The report covers the year 2016. There was no allegation that any money was lost or misappropriated.

Because of the errors, “cash and equivalents” were overstated by $1.69 million; investments in capital assets were overstated by $240,000; land and infrastructure were overstated by hundreds of thousands of dollars; and fourth quarter premiums weren’t reported.

Island County Auditor Sheilah Crider’s office is responsible for a wide range of financial reporting and financial oversight for the entire county.

Crider released a statement saying turnover in key positions in her office “contributed to the loss of institutional knowledge that directly impacted the quality of the financial statement.”

“Corrective action has been taken to ensure these issues will not arise in the future,” Crider said in her statement.

Specifically, new staff members were hired, duties and responsibilities among the accounting staff were reorganized, and prior practices were revised, Crider wrote.

The audit report also states that the isolation of county departments from one another contributes to the problems.
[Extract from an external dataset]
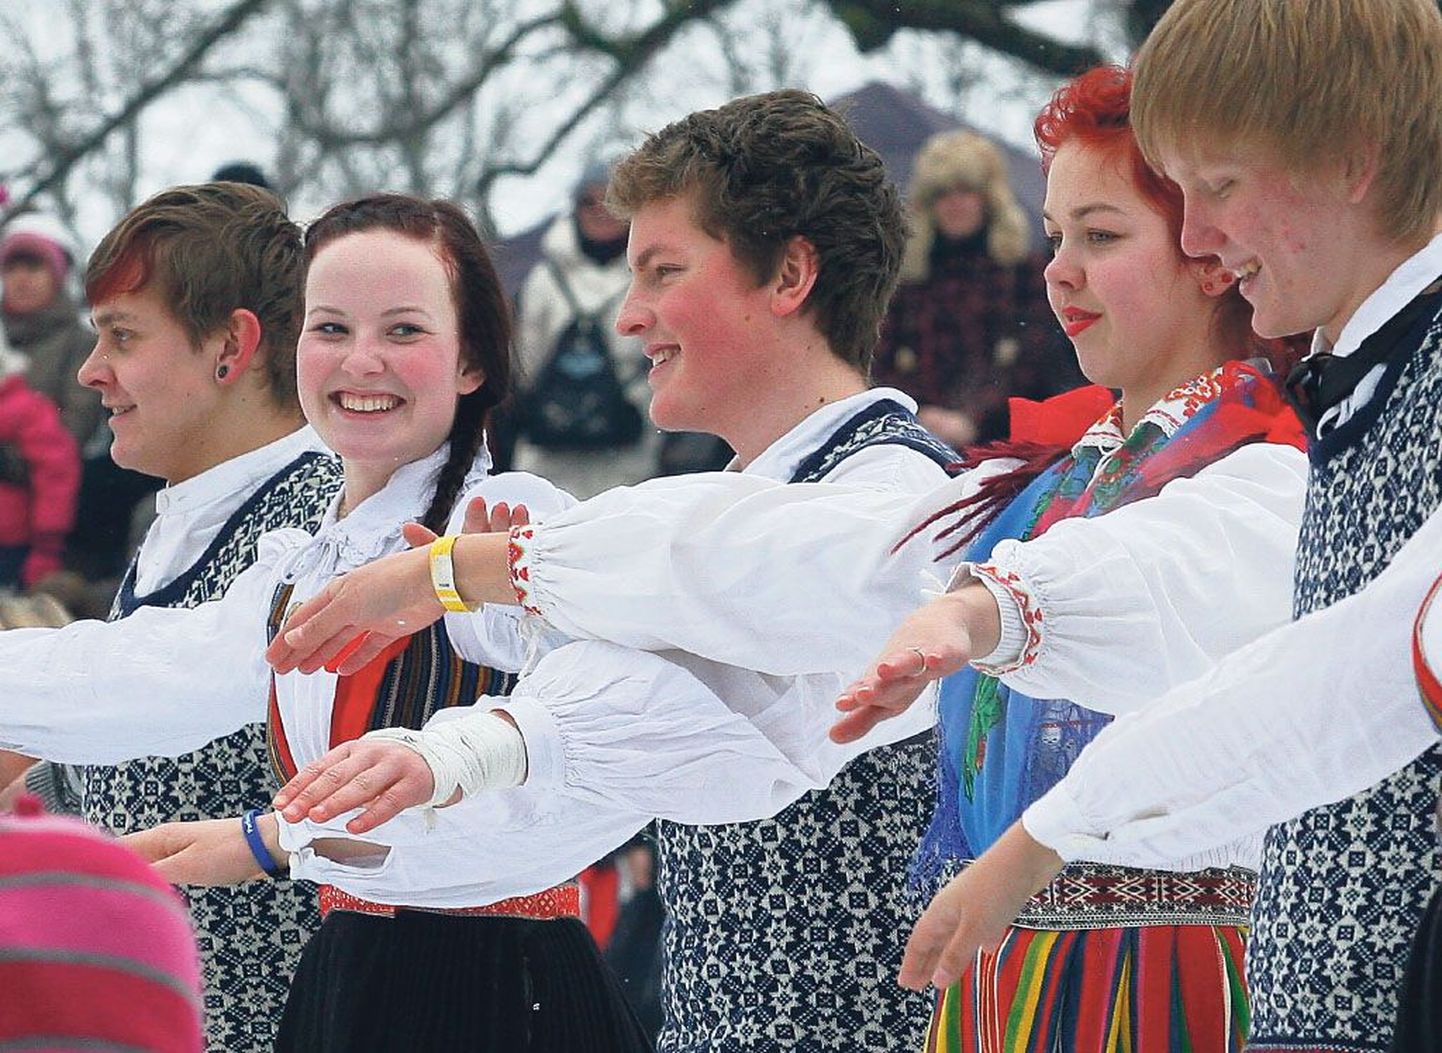 Eesti rahvas on ennegi külmal ajal isamaa auks koos laulnud. Pildil on jäädvustus Eesti Vabariigi aastapäeva tähistanud „Eesti peost“.
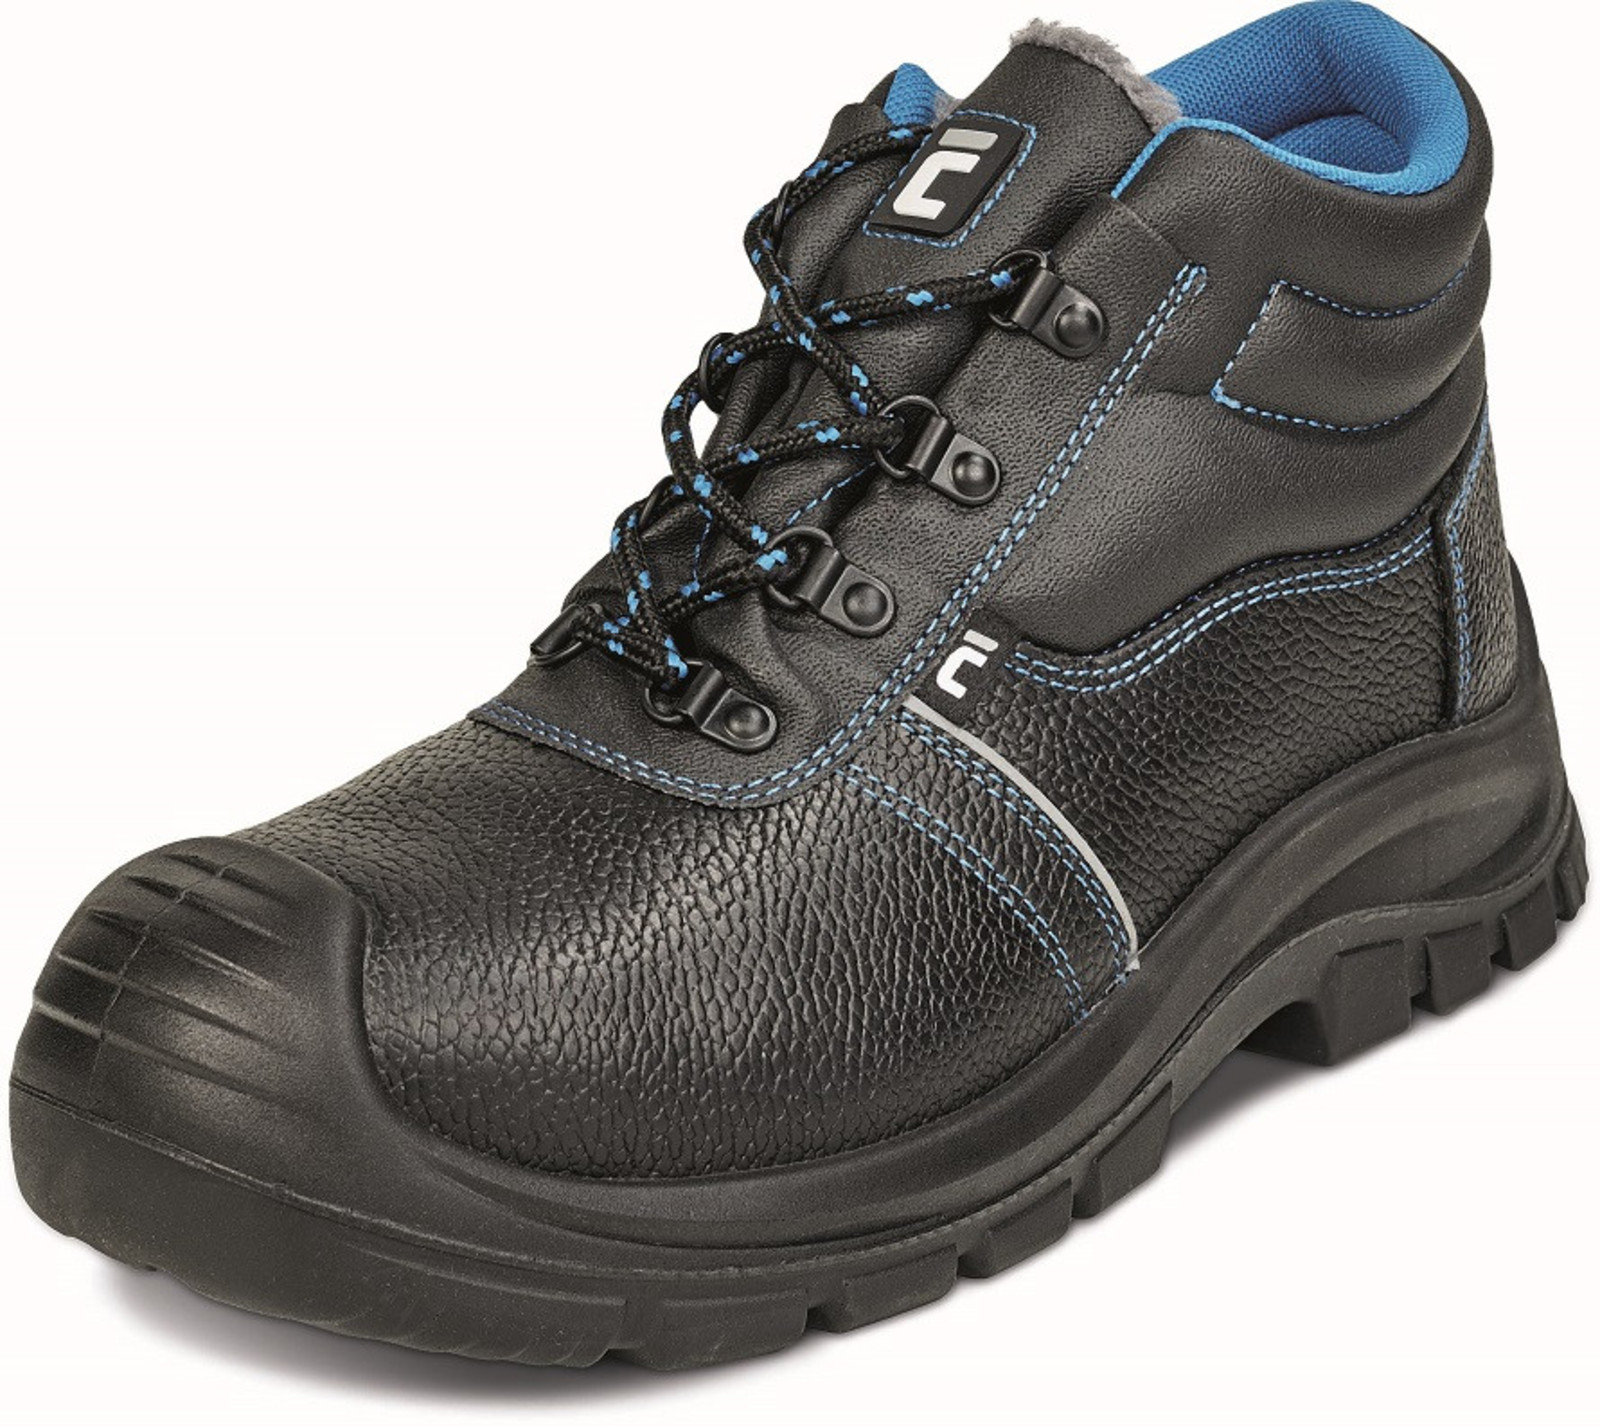 Zimná bezpečnostná obuv Raven XT S1 - veľkosť: 48, farba: čierna

County Budget Director Elaine Marlow agrees with this assessment.

“One of the problems I think they correctly identified,” she said, “is the (county) auditor’s outreach and communication to departments need to be strengthened.”

Marlow said the errors had no real effect on the operation of the county. Rather, the problem, essentially, was that financial information was reported in the wrong category.

The audit report also outlines a series of recommendations to different departments.

It states, for example, that auditors found employee reimbursement forms that were missing receipts or signatures from department heads. In some cases, employees signed their own reimbursement forms.

Marlow explained that it was the county auditor’s office responsibility to review the forms as part of the voucher process.

The audit report also recommends the Island County Sheriff’s Office maintain an inventory log of stored evidence. Sheriff Mark Brown, however, said all evidence is logged into the Spillman computer system and he questions the need for a written log on top of that.

Last year the state auditor issued a finding, also for “significant deficiencies” in internal controls over financial reporting. Auditors found that county financial staff didn’t have adequate knowledge to properly implement a new accounting rule from the Government Accounting Standards Board for reporting on pensions.

As a result, pension assets were overstated by $14.7 million.